Enterprise Architecture – Part 2
This is second in the series where I would like to delve into Enterprise Architecture, the discipline. In the Enterprise Architecture – Part 1, I talked about the need to determine the “right change”. So there are many ways to determine that and it is evident that successful companies are currently managing to do the right things for their enterprise. But the key question is, how can enterprises develop the plans and subsequent implementation of those plans in a more structured, predictable and repeatable way.
Typically the business directives from the executive management (CEO, COO etc) may be at a high level and it the responsibility of the CIO organization to translate them into IT architecture roadmaps containing actionable initiatives. To recap a key point made in part1, the probability of the roadmaps gaining enterprise wide buy-in is high if the definition of the roadmap is rooted in the analysis of the architecture of the enterprise. This is where Enterprise Architecture as a discipline comes into picture to make this process of planning, analyzing and developing roadmaps in a more formal and efficient manner.
Enterprise Architecture is a key architecture discipline that focuses on analysis at the value chain level with a primary goal to manage an enterprise’s architecture complexity. It enables an holistic understanding of the enterprise’s architecture landscape and helps to align its overall architecture with its business vision/strategy. Enterprise Architecture is often developed by leveraging a Framework which offers methods and artifacts that explicitly define the relationship between business processes, information system and technology architectures. EA focuses on both the architectural and contextual elements of an enterprise. One of the primary outputs of developing enterprise architecture is the development of a roadmap specifically to achieve enterprise’s business strategy. This roadmap clearly identifies the initiatives that are needed and spells out the sequence of their implementation enabling enterprise transform from its current state to a desired future state in a highly planned and controllable way.
The key purposes of Enterprise Architecture as a discipline can be summarized as follows
Strategic Context – EA enables awareness of the contextual elements that are essential to the subsequent development of enterprise architecture. One of the first things EA focuses on is “why” the business needs a specific initiative and seeks to define business vision, goals and objectives clearly.
Process – EA typically follows a process to analyze and understand how an enterprise’s architecture landscape is organized currently and more importantly “what” elements of the architecture should be transformed to achieve the desired target state. To correctly define such transformation plans EA process requires development of business, application, data and technology architecture models that can help understand both current state of the enterprise and define what the target state needs to be. The typical output of such an EA process is a collection of coherent initiatives (programs and projects) that can realize the enterprise’s business vision and strategy.
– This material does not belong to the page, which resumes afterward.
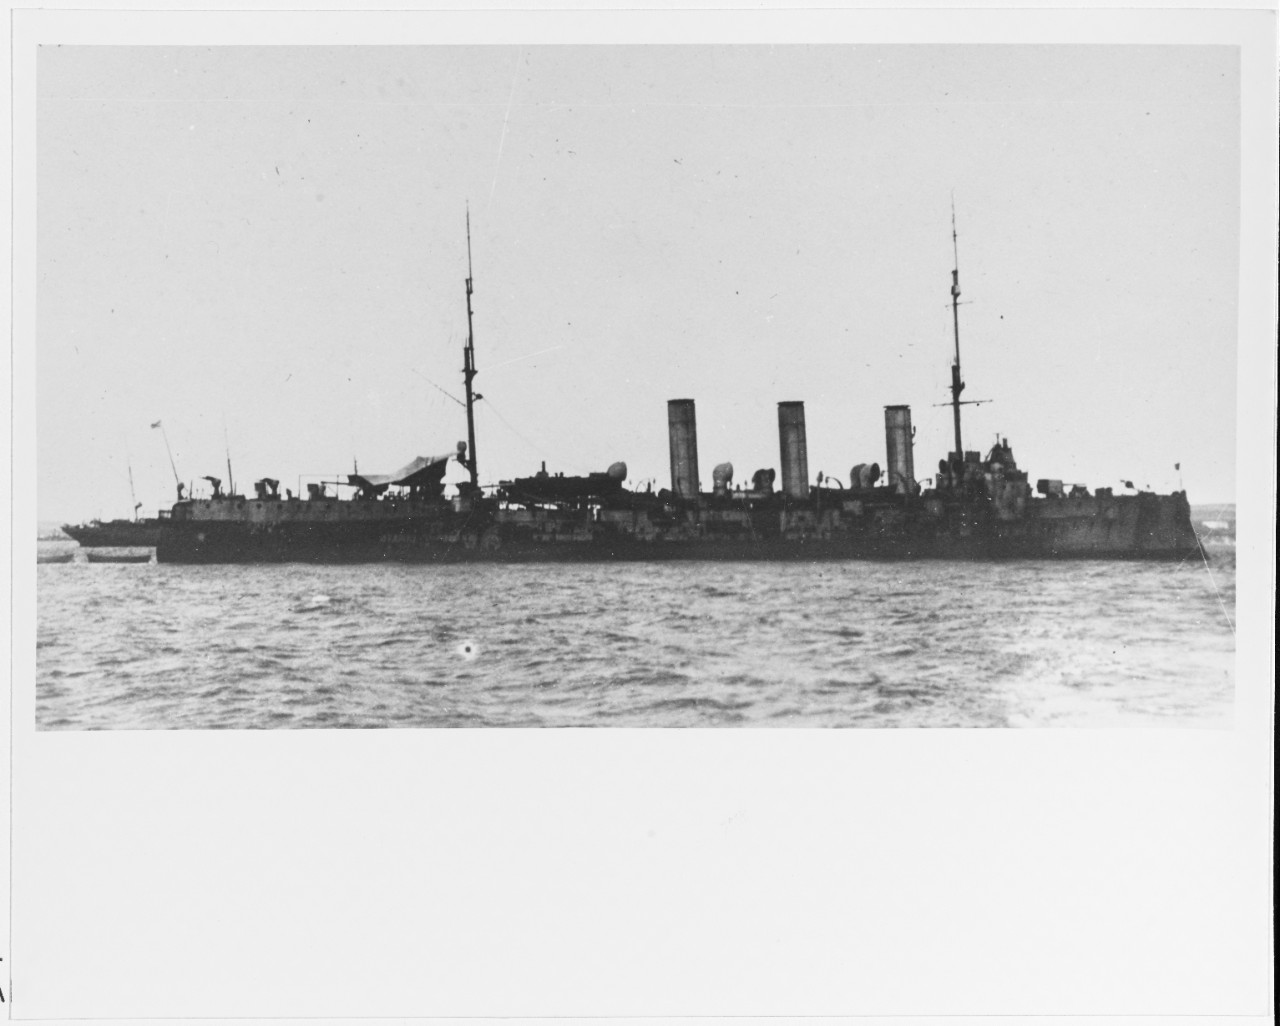 GENERAL KORNILOV (Russian protected cruiser, 1902-1932)

Standards – EA drives the establishment of enterprise wide Principles, Standards and Guidelines that need to be followed by the individual programs and projects ensuring all change initiatives march in unison and achieve the same goals of the enterprise.
Governance – EA defines the required governance to guide the implementation of those initiatives. EA governance enables business and IT stakeholders to clearly understand “what” the transformation initiatives are, “how” to go about carrying out those initiatives, and finally “how” to successfully prove to the stakeholders that transformation has indeed been achieved. Also EA offers architectural guidance to the development of the solution architecture of the individual initiatives in the roadmap.
- 1. Set Direction – The practice of EA discipline can set the overall architecture direction for the enterprise based on a structured analysis of the current landscape and how it needs to be transformed.
- 2. Optimize Architecture at the Enterprise Level – EA optimizes application and data portfolio at the enterprise level by defining the strategic architecture and eliminates duplicate business functionality and enterprise information.
- 3. Introduce Order and Formality – Enterprise Architecture brings “order” and “formality” to how an enterprise defines, introduces and manages the changes needed to continue on its growth path.